A half hour later, he stood with her at the entrance to her apartment house. The moon was up, and the banana plants and elephant ears and philodendron were beaded with water, like big drops of mercury.

“Would you like to come in?” she said.

“I’d like to, but I cain’t.”

“Are you going to drink?”

“I’m not sure,” he said.

“Please come inside.”

“That would make me awful happy. I want to get my boy back. But I want to get his mother back, too. Her name is Ruby Dansen. She was a good girl and deserved a lot better than me.”

“That’s a pretty name. Good night, Mr. Holland.”

“Goodnight, Miss B.”

He watched her go inside the apartment, then began walking toward his hotel, trying not to think too hard on the deception Mealy Lonetree had perpetrated on him, at least not until he could do something about it. He stopped at a package store and bought a pint of whiskey and drank it as he walked, a thick layer of white fog swirling around his knees, the whiskey flooding his throat with a golden airiness that could not be measured.

ISHMAEL FELT THE train tilt and begin its abrupt descent down Ratón Pass, its wheels locked, screeching down the grade with such intensity that the inside of the Pullman room trembled and the closet doors swung open and shook on their hinges. He lay on his side in the bed, in his underwear, watching the pinyon trees and ponderosa and outcroppings of rock and the steep slope of the mountain slide past the window, the woman’s body molded against his, her breath on his neck, her hand resting on his hip.

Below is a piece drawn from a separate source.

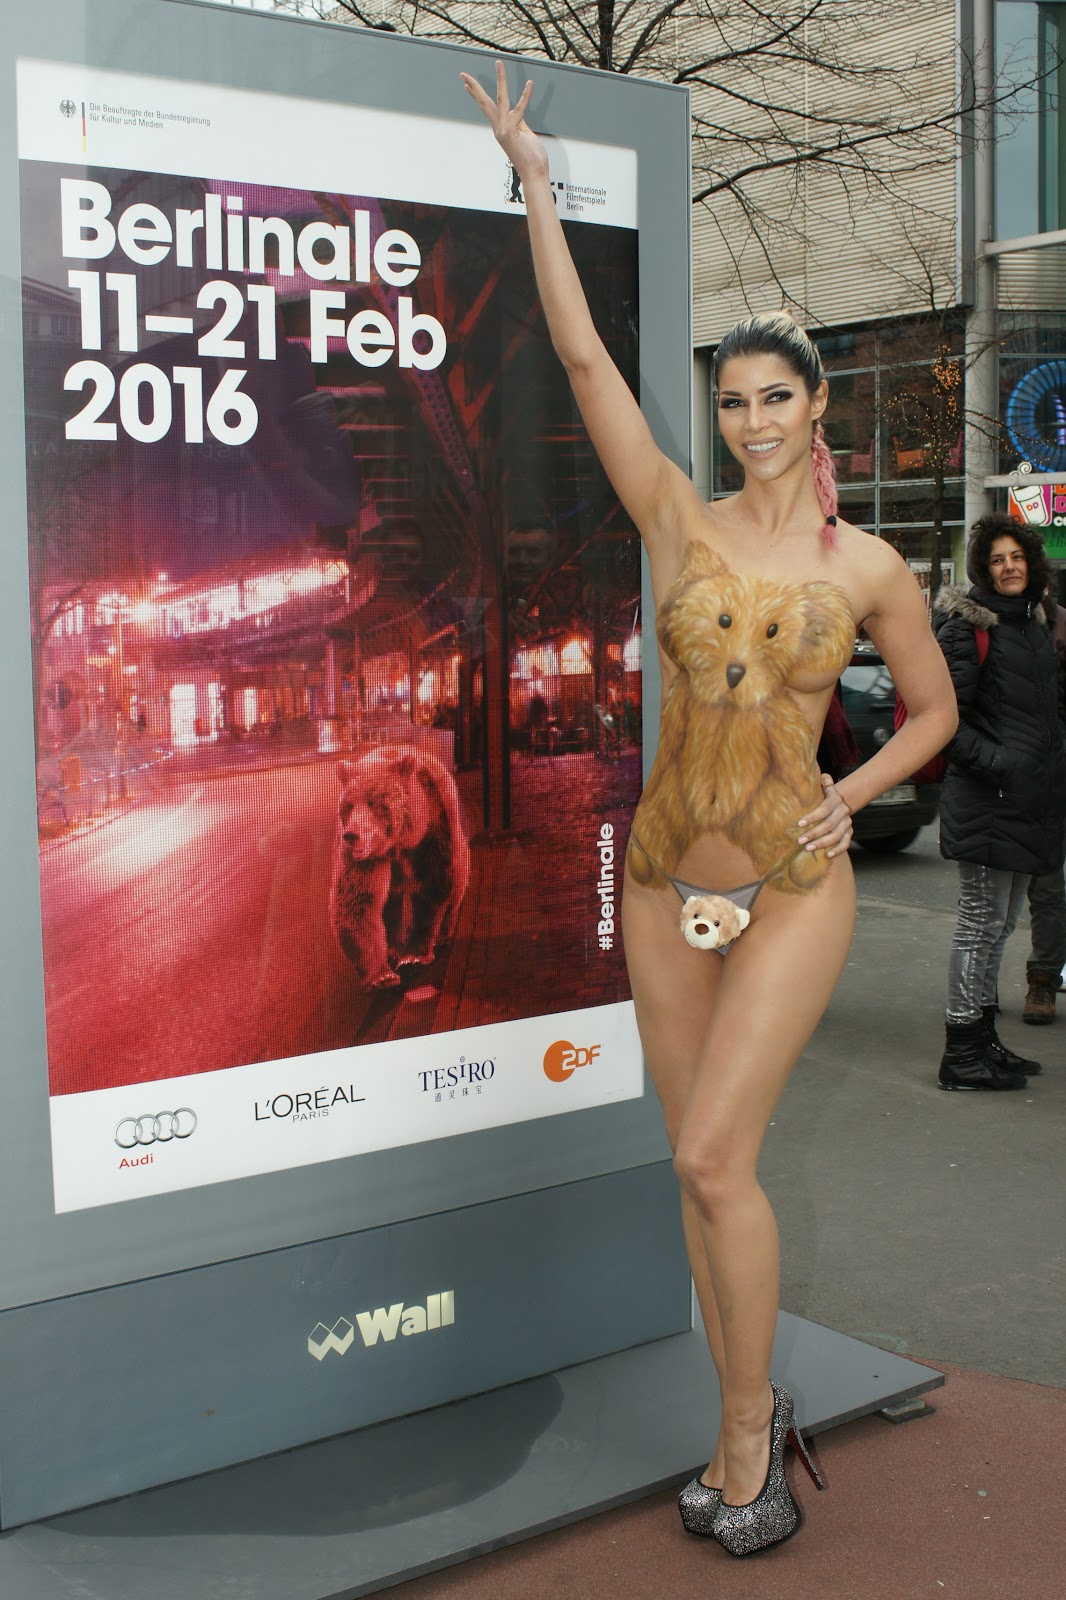 Micaela Schafer body paint in cuddly teddy bears for Berlinale 2016 in Berlin.

It was funny how he sometimes thought of her as “the woman” rather than as Maggie Bassett. Maybe that was what she intended. She made herself into all things woman. She was lover, caretaker, mother, and confidante. “Provider” might be another word. The injection she had given him before they left the hospital was more than a temporary flight from pain and worry that the Greek god Morpheus usually offered. The hit had traveled up his arm and spread through his body like the Red Sea, turning his eyelids to lead, filling him with a sense of pleasure and warmth that bordered on orgasm, taking him to a sunlit place where the earth jutted into infinity and the stars plummeted past him into a heavenly abyss.

“Are you awake, sleepyhead?” she said.

“I was watching the rocks and the trees. The grade is dropping so fast, I dreamed we’d fallen in a hole.”

“We’ll be in New Mexico in a few minutes. In another hour we’ll be in Texas.”

He tried to turn his head to see her face, but she was pressed too close. “I don’t remember getting on the train. How did I get to the station?”

“You were sedated.”

He closed his eyes and opened them again, the canyon dropping into shadow on a curve, the couplings jarring. “My mother was coming to see me. She didn’t show up?”

“It’s the medicine. You have things turned around. I left a message and a phone number. If you like, we can call her when we reach San Antonio.”

“How do you know where she is?”

“The people we work for can find anyone, Ishmael. Did you know you might be in motion pictures?”

“What are you talking about?”

“With your looks and physique? The man I work for, the man you’ll be working for, owns part of a film company in Pacific Palisades.”

“I don’t know where that is. I feel strange. Like bees are buzzing under my skin.”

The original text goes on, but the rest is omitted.